▸ Problem to solve: Copy without pictures. Please restate each line of the listing exactly.

(Source material)

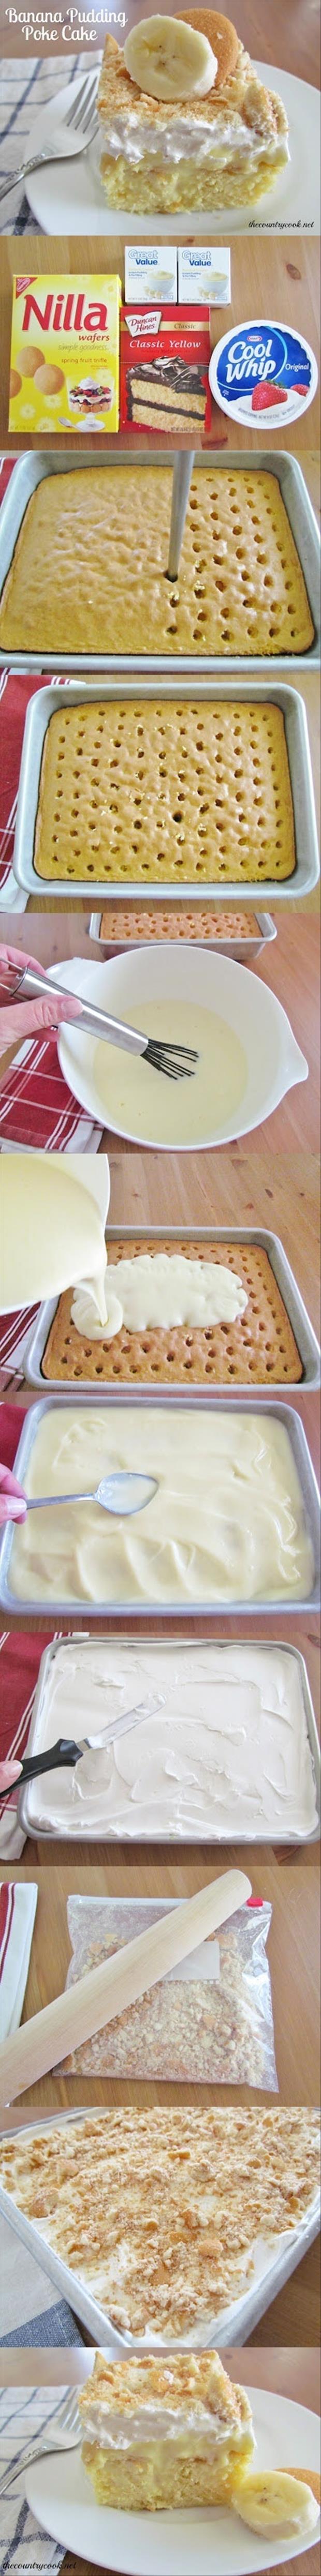 How to make banana pudding cake
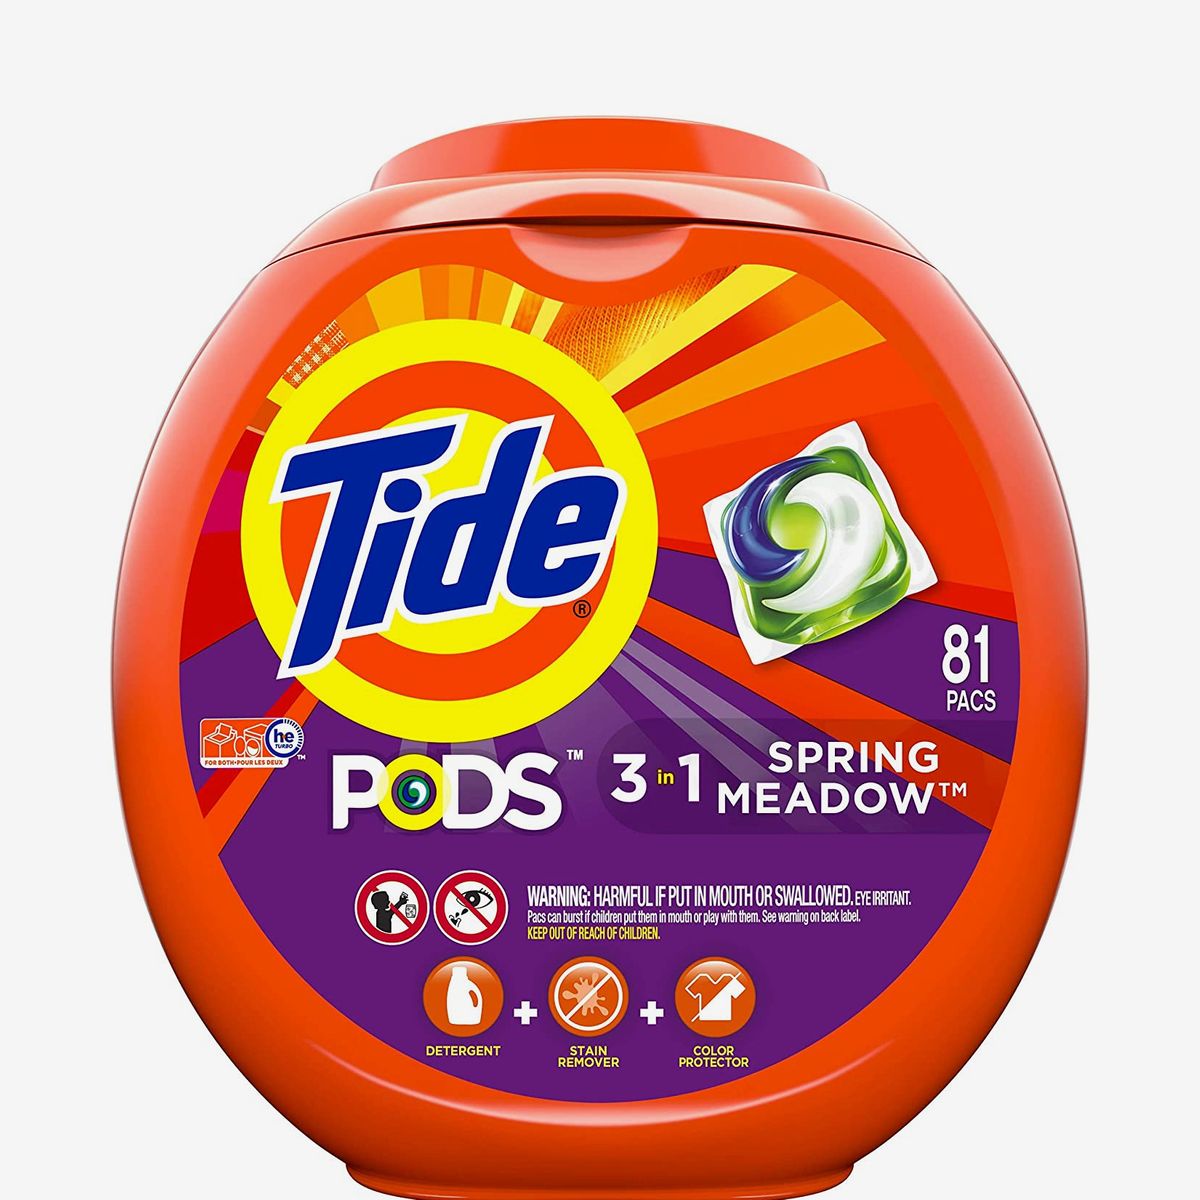 best cloth detergent
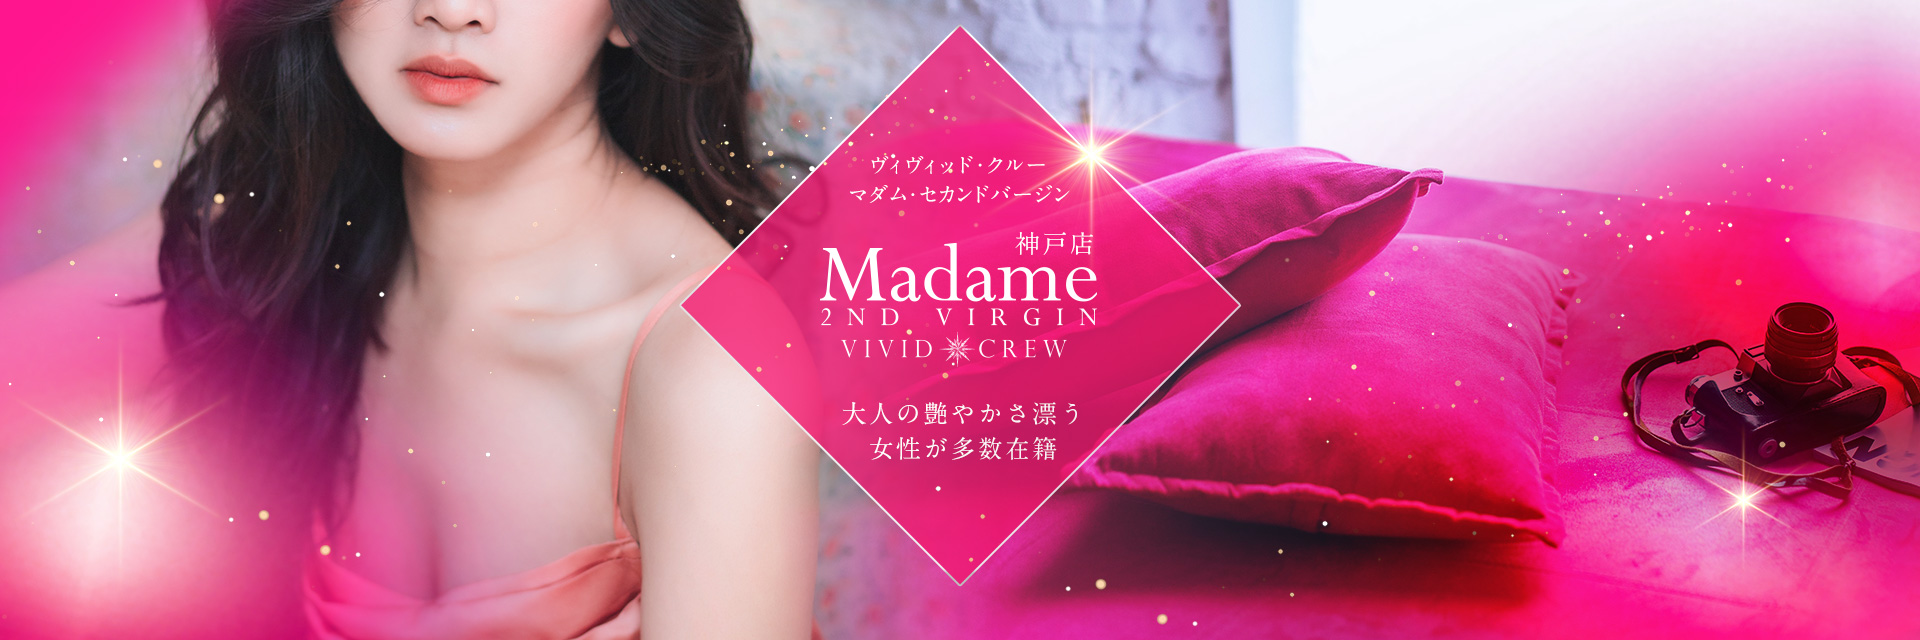 Madame 2nd virgin 神戸店

(End Source material)

▸ Task solution:
 How to make banana pudding cake
 best cloth detergent
 Madame 2nd virgin 神戸店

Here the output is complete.